** Available data follows **

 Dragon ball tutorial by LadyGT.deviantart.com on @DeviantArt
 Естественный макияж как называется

** End of Available data **
** Available data follows **

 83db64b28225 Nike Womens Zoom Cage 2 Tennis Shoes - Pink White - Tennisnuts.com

** End of Available data **

- [What is required]
Look through the material above and print exactly the lines from the one containing "Dragon ball tutorial" to the one containing "Естественный макияж как называется", both included, and nothing more.

- [Response to the task]
 Dragon ball tutorial by LadyGT.deviantart.com on @DeviantArt
 Естественный макияж как называется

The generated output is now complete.